FirebirdSQL / jaybird

JDBC driver for Firebird
https://www.firebirdsql.org/en/jdbc-driver/
GNU Lesser General Public License v2.1
91 stars 23 forks source link

PooledConnectionQueue not theadsafe? [JDBC341] #386

Closed firebird-automations closed 10 years ago

firebird-automations commented 10 years ago

Submitted by: Steffen Heil (firebirdsql.org_partner.sh-solutions.de)

(First off, I know the environment is quite outdated, but I am quite sure, this has nothing to do with my problem.)

I have a massively multithreaded application that uses jaybird (currently 2.2.0) with a connection pool and a maxPoolSize of 15. For years it worked perfectly (I am not sure, at what point we updated to 2.2.0 though).
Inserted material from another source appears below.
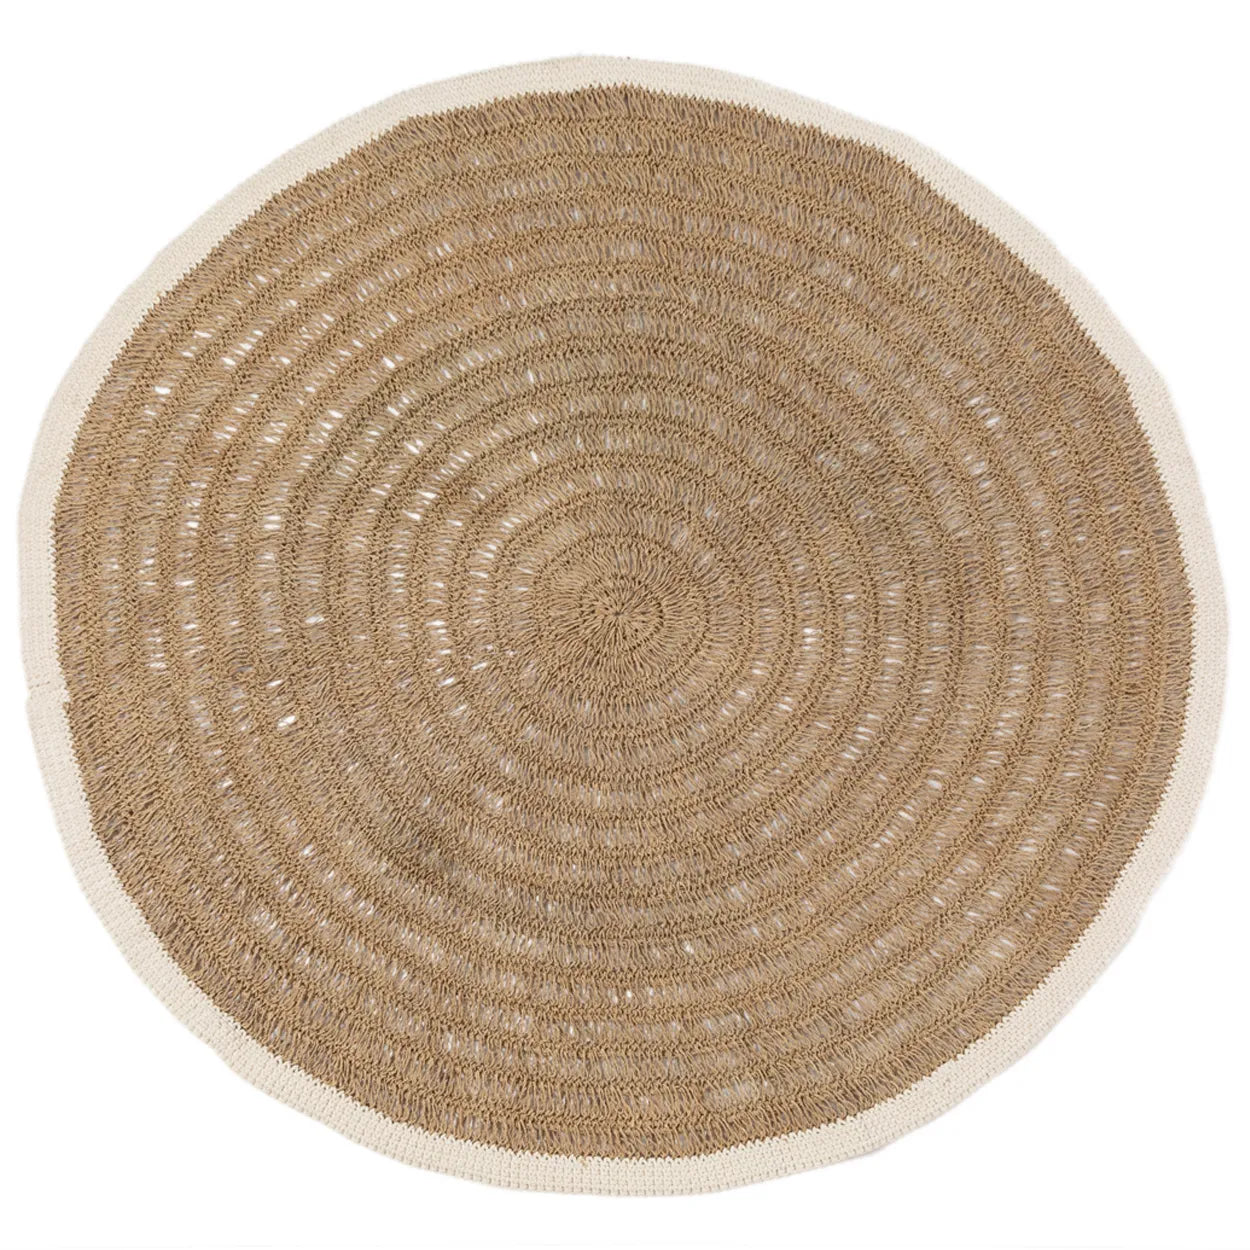 Montserrat Seagrass Carpet - Seagrass & Cotton Carpet

Yesterday for the very first time, we noticed a situation where a thread tried to obtain a connection but failed to do so. Interestingly all connections opened by our application were closed. I am sure about that, because very connection we acquire gets wrapped and the wrappers are tracked. (A background task closes connections, when the wrappers get GCed and logs a stacktrace of the thread that acquired the connection.)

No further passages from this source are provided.